Widener’s plan is doubly irresponsible. First, the Medicaid expansion isn’t a done deal, so the revenue to pay for a tax cut may never materialize. Secondly, legislative staff has estimated the cost of the  proposed tax cut at more than $500 million by the end of the next fiscal year—substantially more than the $404 million Ohio could see from Medicaid expansion. The tax cut Widener proposed would also disproportionately benefit the wealthiest Ohioans. The Institute on Taxation and Economic Policy’s (ITEP) analysis of the tax cut proposal in this Policy Matters Ohio (PMO) report found that Ohioans in the top 1 percent of the income spectrum would receive an average state tax cut of $1,437 a year. Middle-income families would get an average of $28, and the poorest twenty percent of Ohioans would see a tax cut averaging $1.

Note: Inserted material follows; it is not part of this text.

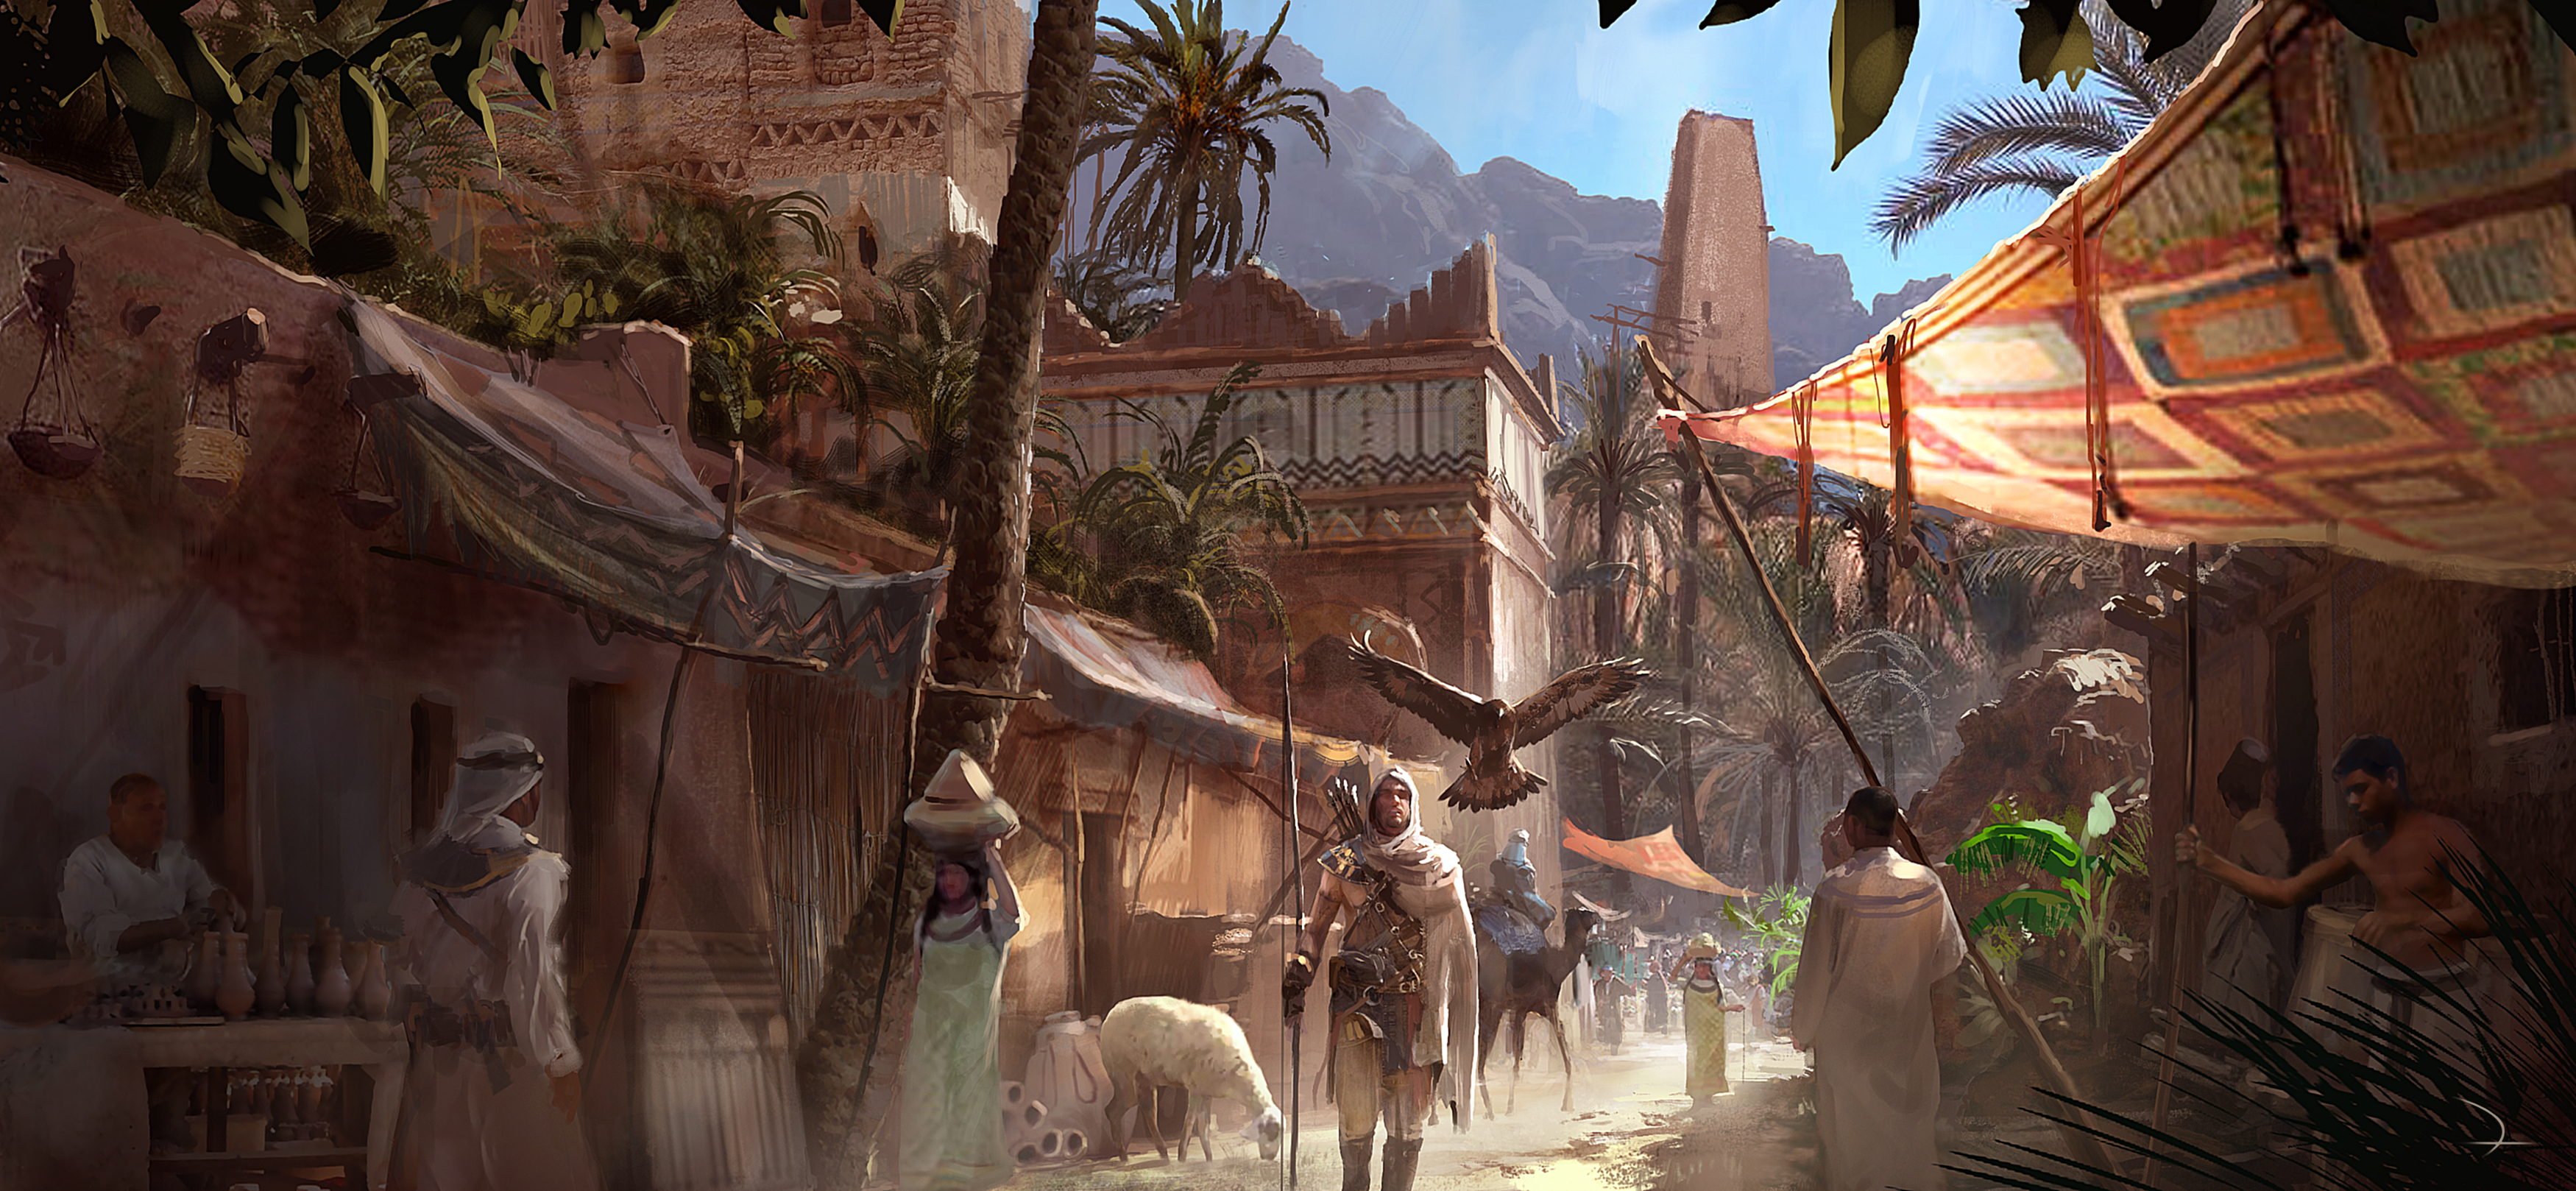 Assassins Creed - Pravda a fikce aneb Okénko do historie

PMO argues that it is inappropriate to discuss tax cuts when the state has so many other unmet needs. Check out PMO’s report, “Use Medicaid savings to improve Ohio, not to give even more tax cuts to the affluent.” It gives a slew of ways in which the expected $400 million in savings could be used more productively, such as hiring police, firemen and teachers and funding preschool programs. Ohio has suffered multiple rounds of tax cuts that have eviscerated state services and local governments; any windfall revenues should be spent trying to undo some of that damage.

Thankfully, the Columbus Dispatch is reporting that the “income-tax cut is getting a cool reception from House GOP leaders.” House Speaker William Batchelder seems to agree with PMO, when he says, “The veterans are not being adequately treated. We have tremendous problems with heroin addiction in this state. We have a lot of problems, and we’d probably look there first … before we do a (tax) cut of that size.”